With Elements, which also has a video-editing brother called Premiere Elements, you pay a one-off fee. For that, you might get a couple of big fixing updates, but next year there will be a new version of the app available that you’ll need to buy again if you want to make use of any new features. Lightroom and Photoshop are available in the good-value Photographer’s Bundle, so to buy Elements instead you’d need a good reason. That may be the app’s ability to teach you image editing through its Guided mode, or maybe you strongly believe in being able to keep your software without having to pay a subscription.
Even though Photoshop’s layer and selection approach is replicated almost perfectly here, along with some neat new Sensei AI features, there's not much on offer to specifically attract astrophotographers.
ACDSee: Best for organization
Corel PaintShop Pro: Best for learning techniques
Paintshop Pro, a long-time member of the image-editing club, takes a similar layer-based editing approach to Photoshop. There's raw image support, and it’s starting to get the kind of AI and content-aware tools that can make all the difference to astrophotos.
Whilst the app has a specialist workspace with custom tools for editing underwater photos and those taken by drone, night-sky shots, unfortunately, don’t get the same kind of attention. When used as a more general-purpose image editing app, there are plenty of tools and effects that can be used to enhance your astro images, even if they aren't specifically tailored to this kind of photography. This is particularly true of its noise reduction tools. As we know, night sky photography sometimes involves pushing the camera’s ISO uncomfortably high.

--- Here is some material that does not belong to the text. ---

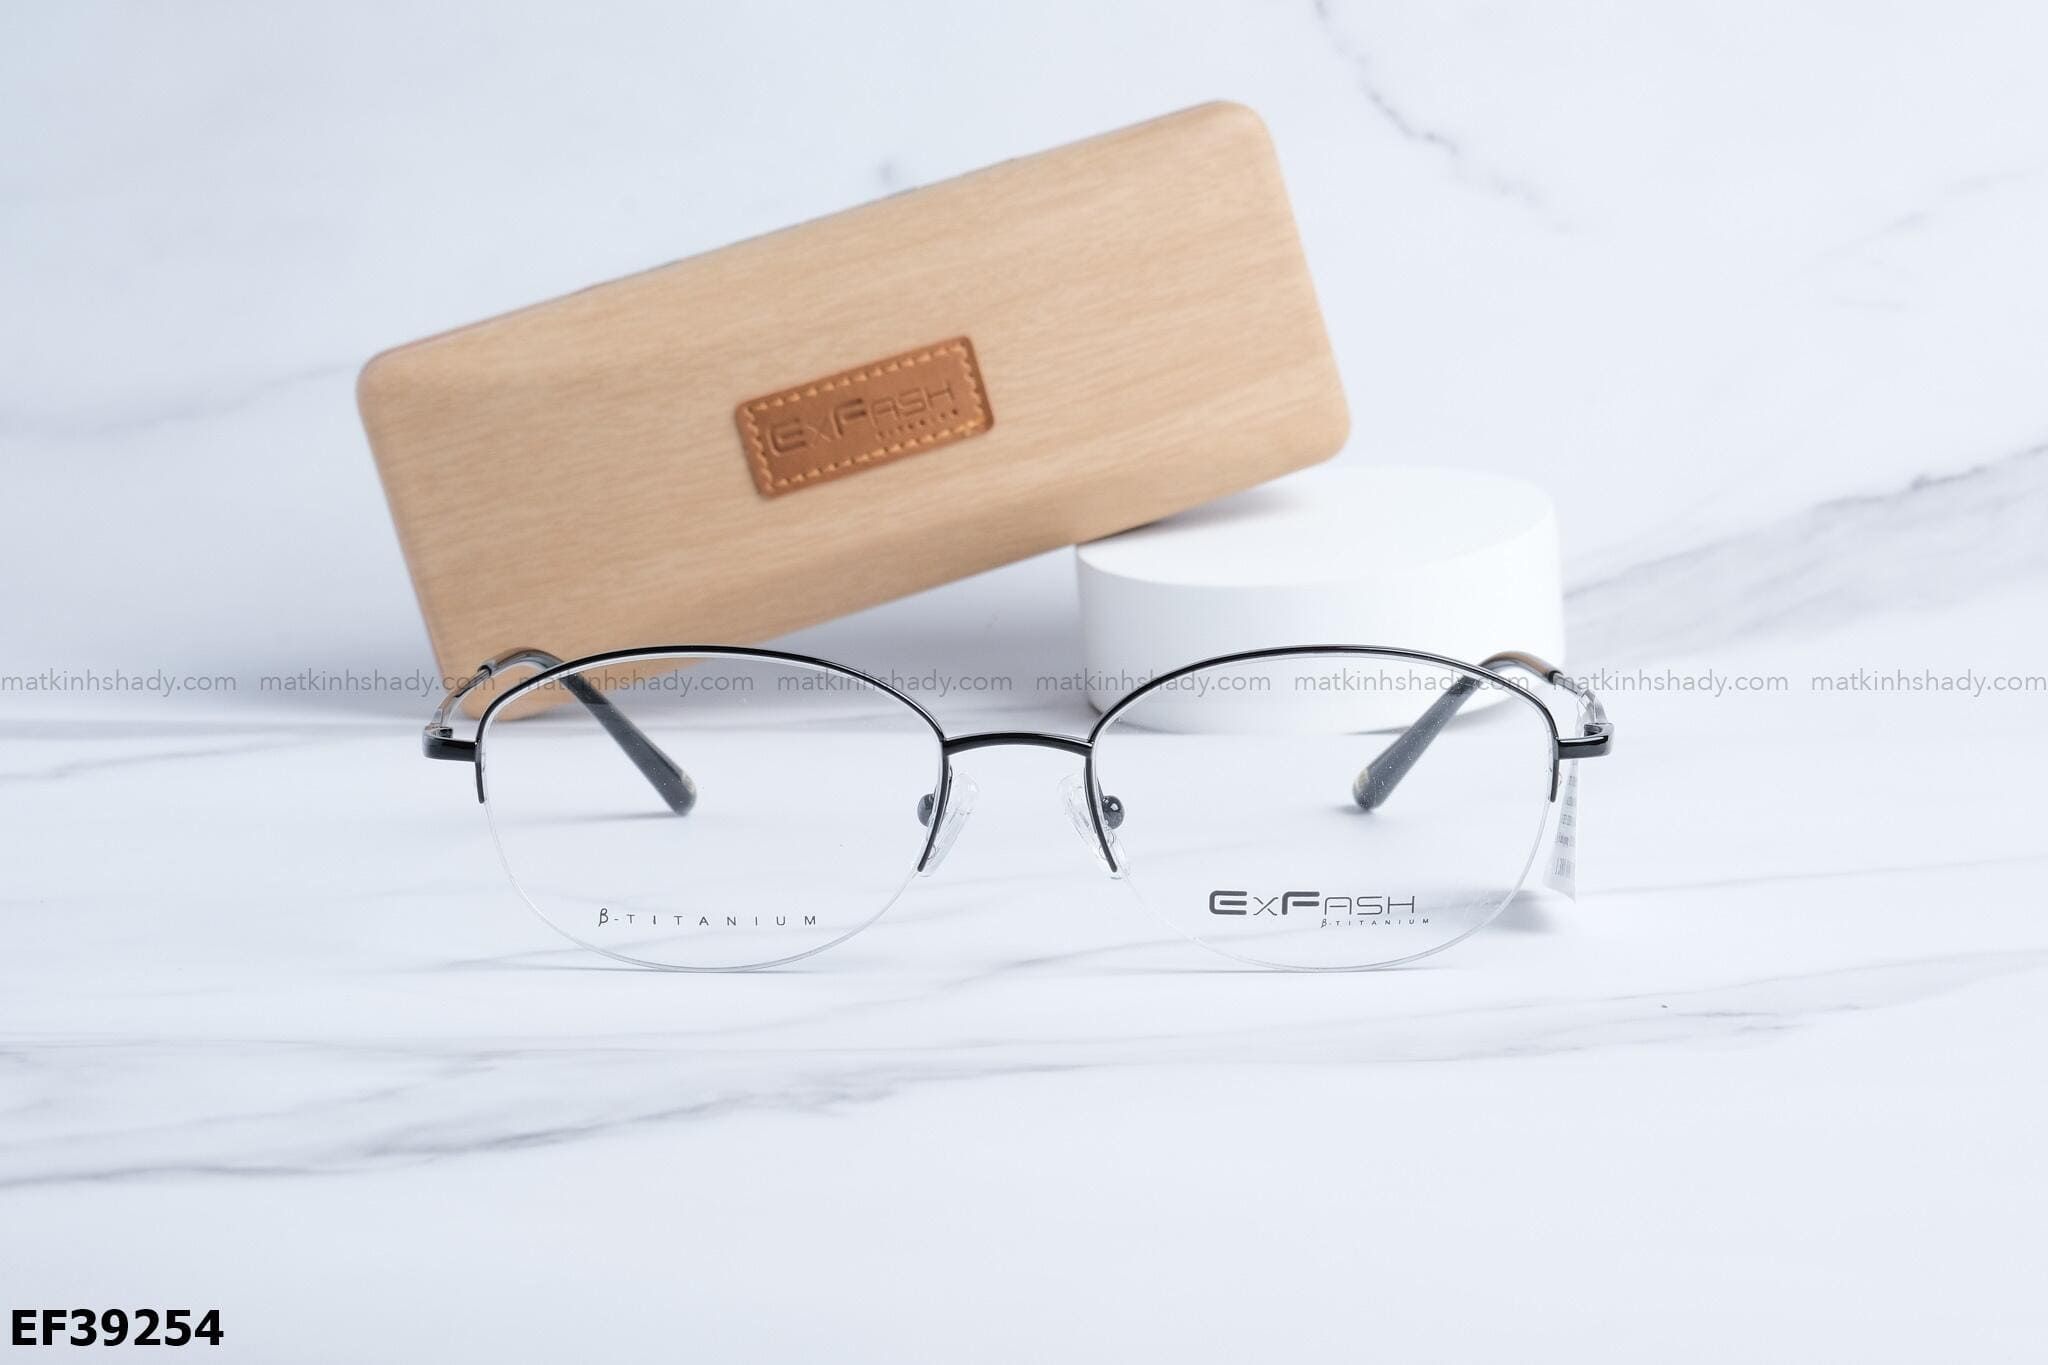  Exfash Eyewear - Glasses - EF39254 
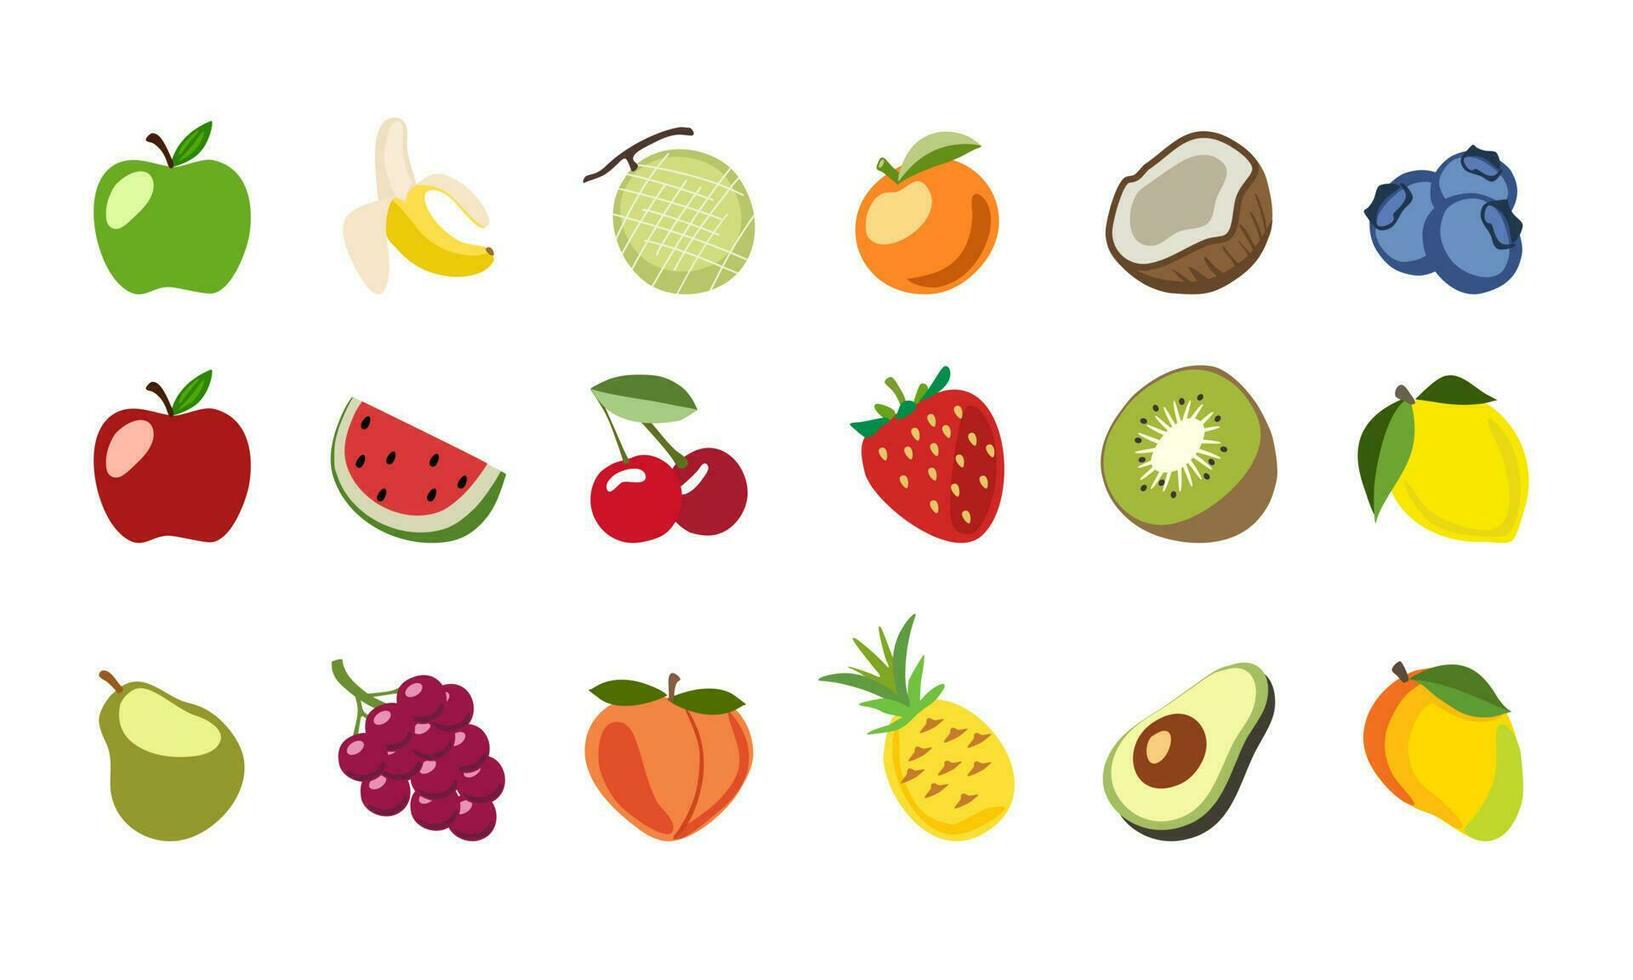 https://static.vecteezy.com/system/resources/previews/006/647/916/non_2x/fruit-apple-banana-melon-orange-coconut-blueberry-watermelon-cherry-strawberry-kiwi-lemon-pear-grape-peach-pineapple-avocado-mango-free-vector.jpg

DxO Photolab: Best for noise reduction
Photolab can be considered a digital darkroom rather than a full-fledged image editing app and has one particular feature that will make astrophotographers happy. Its AI-powered DeepPRIME noise reduction. Along with the haze-reducing Clearview tool, it can effectively improve the contrast and color saturation of your deep-sky images. There's comprehensive lens correction too, to smooth out the distortion added to images by camera lenses, particularly ultrawide-angles.
You’ll need to shoot in raw, though. The additional color depth provided by these unprocessed files is always welcome, but some find the extra strain on their computer's processor, and the requirement for more storage space makes shooting in JPEG a more attractive option.
Advanced users will be able to install Photolab as a plugin for Lightroom, so they can spend most of their time there but transfer over to Photolab to utilize its impressive AI tools.
Capture One Pro: Best for powerful editing tools
Another app that follows the Lightroom template rather than the Photoshop one, Capture One Pro makes tethered and studio photography its specialty, and is noted for the high quality of its raw image decoding. It is also compatible with a wide range of other image formats, including the HEIC files produced by recent iPhones.
It’s aimed at the professionals, however, once you’ve got to grips with it, it’s uniquely powerful, bringing together the best of Lightroom and Photoshop (with its adjustment layer-based editing system). It does have a ‘learn’ feature which makes it a little less intimidating for beginners by providing a set of tutorials.
Capture One is expensive. You could get two or more of the other apps for the same price, so if you have a rare or rather expensive camera, it might be the only option or at least very useful. However, for those using Canons, Nikons, Sonys and the other big names, it might not be worth the extra cash.